Estey Hall is a historic building on the campus of Shaw University in Raleigh, North Carolina. It was the first building constructed for the higher education of African-American women in the United States. Built in 1873, Estey Hall is the oldest surviving building at Shaw, which is the oldest historically black college in the South and was the second institution of higher learning established for freedmen after the Civil War. The building, originally known as "Estey Seminary," was named in honor of Jacob Estey, the largest donor to the construction project. Estey Hall, located in the East Raleigh-South Park Historic District, was listed on the National Register of Historic Places in 1973 and is a Raleigh Historic Landmark.

==History==
Henry Martin Tupper, a Union Army chaplain and Baptist missionary, founded the school in 1865 for the education of former slaves. Students and faculty originally met in a hotel room due to the lack of funding for land and buildings. In 1870, the school received a donation from philanthropist Elijah J. Shaw, and with the money the school was able to purchase land near Fayetteville Street. The school was chartered in 1875 by the North Carolina General Assembly and given the official title of Shaw University. By educating young people, the school assisted in the rise of the black middle class that arose in late 19th century Raleigh. Shaw University educated many of the region's black politicians and business leaders, such as M.T. Pope.

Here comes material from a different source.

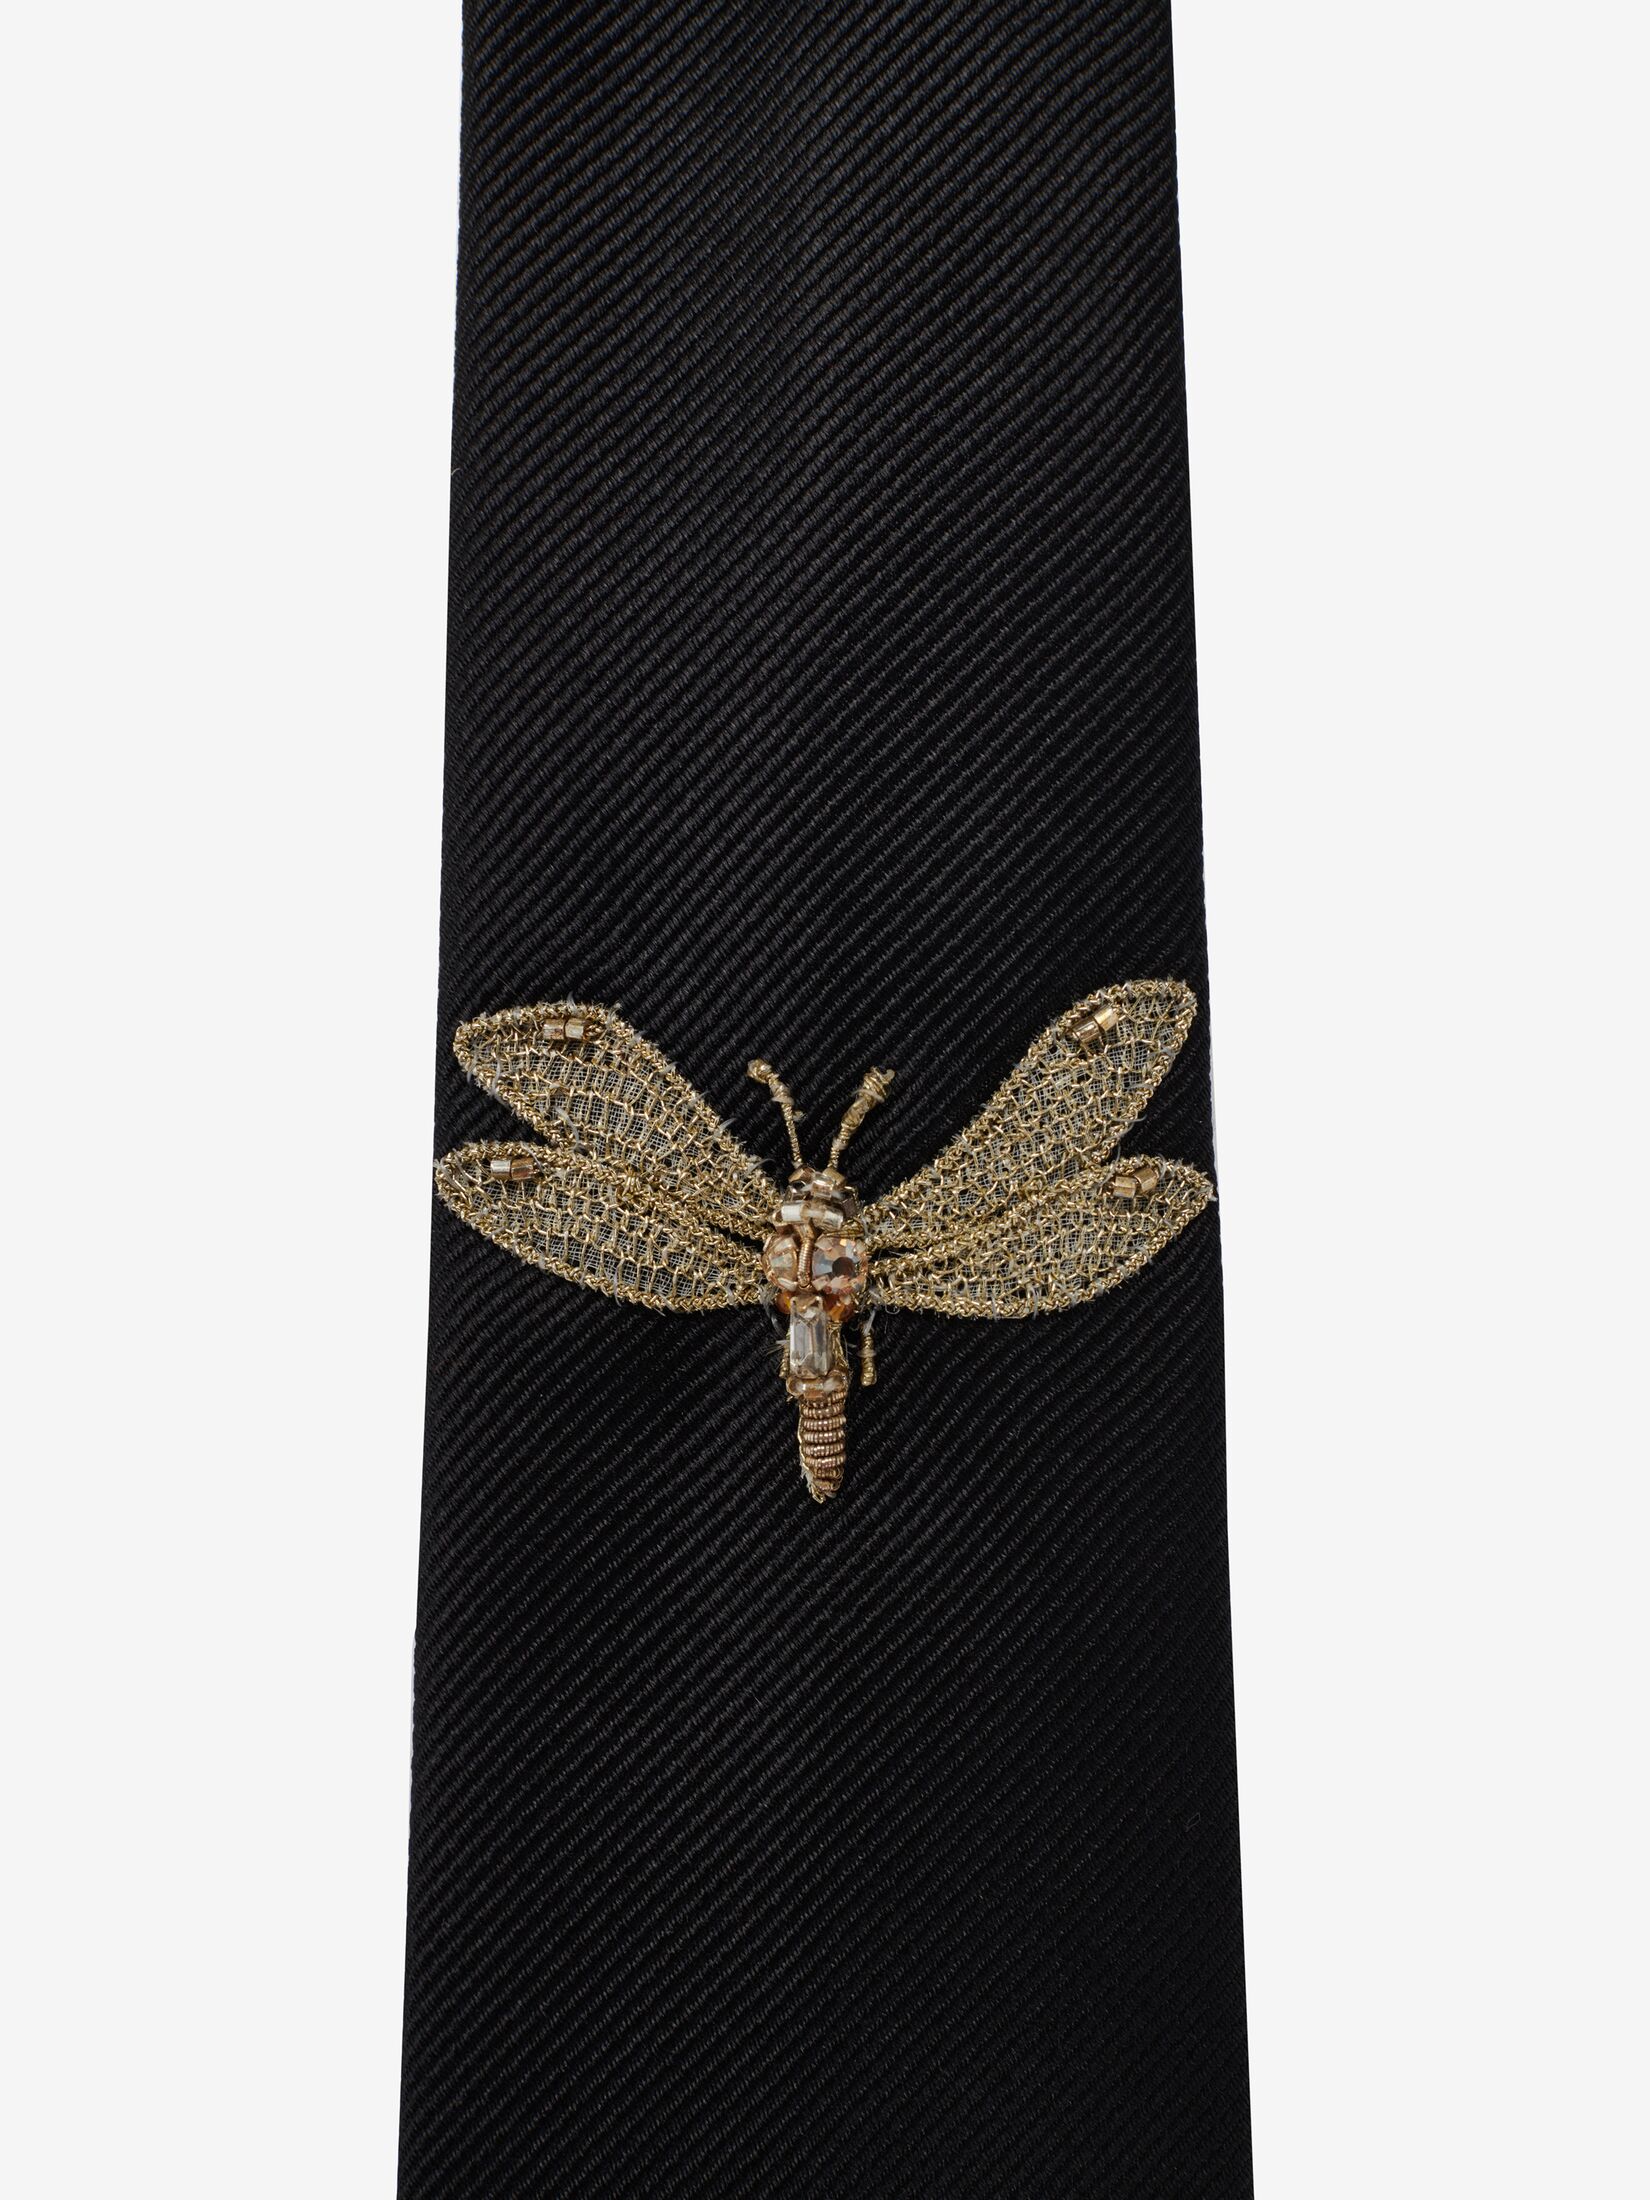 Dragonfly Applique Tie

When Shaw first opened, women were not allowed to attend the school. After a few years the school became coeducational, creating a need for a women's facility. School administrators chose George S. H. Appleget, architect of large homes in Raleigh including the Heck-Andrews House, to design the new building. The result was a four-story brick building with a cross-gable roof topped off with a frame cupola. In 1882, the three-story south annex was added. Estey Hall contained the home economics, music, art, and religion classes.

Shaw students attended classes at Estey Hall until 1970. Deterioration had taken a toll on the building, forcing its closure after 97 years of service. Plans were made to tear down the building. The Estey Hall Foundation was then founded to halt demolition and restore the building to its original appearance.